Welcome to AKT Securikey

1. Why don't passwords work?

Weak passwords can be easily guessed

One reseller estimated that 80% of his clients used the word "password" as their Windows® logon password.

Weak passwords that take only seconds to compromise include names of close relatives, pet names, anniversary or birth dates, maiden names, common English words or combinations of the above.

Strong passwords get written down

Strong passwords contain at least eight alpha-numeric characters mixed in such a way that no English words are created. One network administrator was appalled to find post-it notes containing logon passwords stuck to the computer monitors of his users after issuing "strong passwords".

Strong password policies require passwords to be changed frequently (every 30-90 days). Users simply cannot remember long strings of meaningless text, especially if that string changes every 30 days. They think their only hope for logging on, is to write down the string and hide it from the network administrator somewhere in their cubicle or work-space.

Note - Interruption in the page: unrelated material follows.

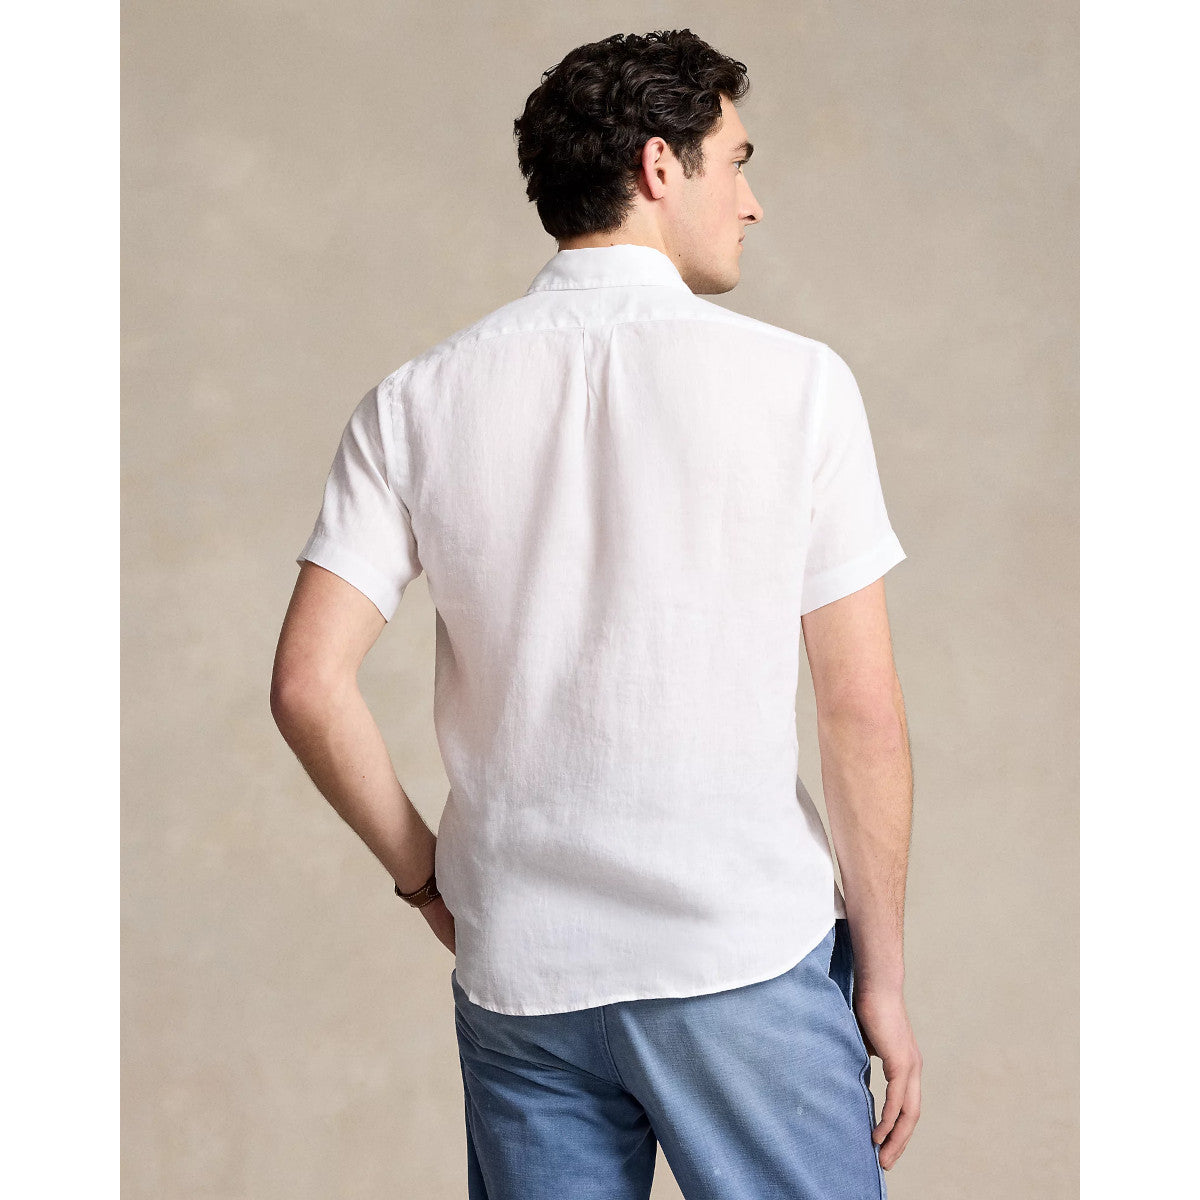 Polo Ralph Lauren SS Linen Shirt 008 White

Even strong passwords can be cracked

The CERT® Coordination Center, a security clearing house and part of the Carnegie Mellon Institute, commissioned and then published research by Dr John D Howard. The following is taken from his paper entitled, "An analysis of Security Incidents".
"8.1.3.1 Password Vulnerabilities - The most frequently recorded vulnerability involved various problems with passwords, which were mentioned in 938 incidents (21.8%, column 18, Figure 8.3). There were 16 different combinations of keywords that indicated password problems. Most of the password vulnerabilities were in three categories: password files, generally indicating that a password file had been copied (592 incidents, 13.8%, 63.1% of password vulnerabilities), password cracking, which indicated that passwords had been determined by the operation of a password cracking tool (448 incidents, 10.4%, 47.8% of password vulnerabilities), and weak passwords, which could be easily guessed (156 incidents, 3.6%, 16.6% of password vulnerabilities). It is interesting to note that password cracking was recorded as an exploited vulnerability in nearly an order of magnitude more incidents than the tools used for the cracking (448 incidents mentioning password cracking, compared to 52 incidents mentioning password cracking tools)."